River of Mountains is the journal of Lourie's three-week trip down the entire 315-mile length of the Hudson River from the river's source in the Adirondack Mountains to the sea. The book combines his personal experiences with descriptions of the landscape and natural features. On the upper Hudson, Lourie vividly describes exciting whitewater rides—some wild, some slow. On the lower river he captures the joys of crowded paddling. Throughout the book, he provides a historical recounting of the development of civilization along the river. The many people he meets along the way, including loggers, fishermen, guides, and barge pilots, add to the richness of his tale. Before Lourie's trip, there is no record of anyone having made the journey before in the same vessel.

August 12, 2022: Listen to a portion of this podcast about River of Mountains during an interview with Mark Braude on The New York Times Book Review. https://on.soundcloud.com/itwC Thanks for the shout-out!

You can hear the entire interview here: https://apple.co/3K6J8mV Congratulations to Mark Braude on his new biography of Kiki Man Ray.

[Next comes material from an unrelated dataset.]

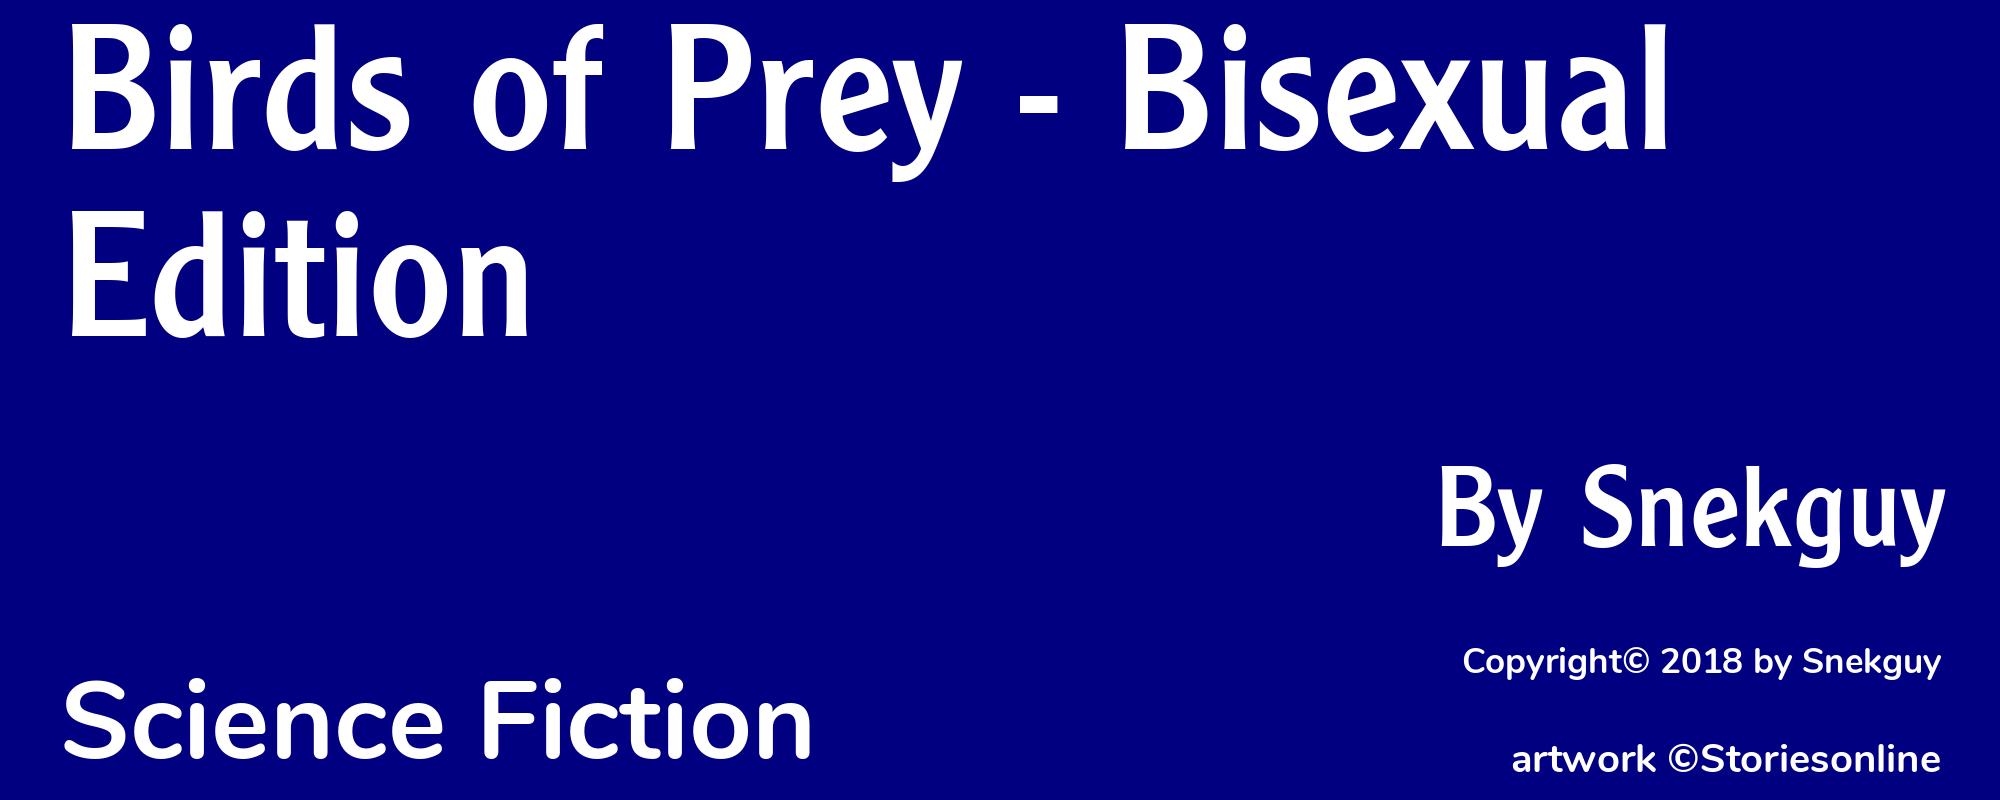 Birds of Prey - Bisexual Edition - Cover

“I bet this book will persuade many to rent a canoe and repeat at least portions of Peter Lourie's extraordinary trip. And for the rest of us it will give information we need to protect the river, restore it, and help see that it's loved by young and old, rich and poor.” (Pete Seeger) 

“With the world explored, Peter Lourie chose his own backyard for a wonderful adventure. He has written an excellent book.” (Robert Boyle, author of The Hudson River: a Natural and Unnatural History)

“An engaging tale. [Lourie] vividly describes exciting whitewater rides-some hot, some slow—and the joys of crowded paddling, and throughout he provides a historical recounting of the development of the civilization along the river … The many people he met along the way, including loggers, fishermen, guides, barge pilots, and a squatter, add to the richness of the tale.” (Library Journal)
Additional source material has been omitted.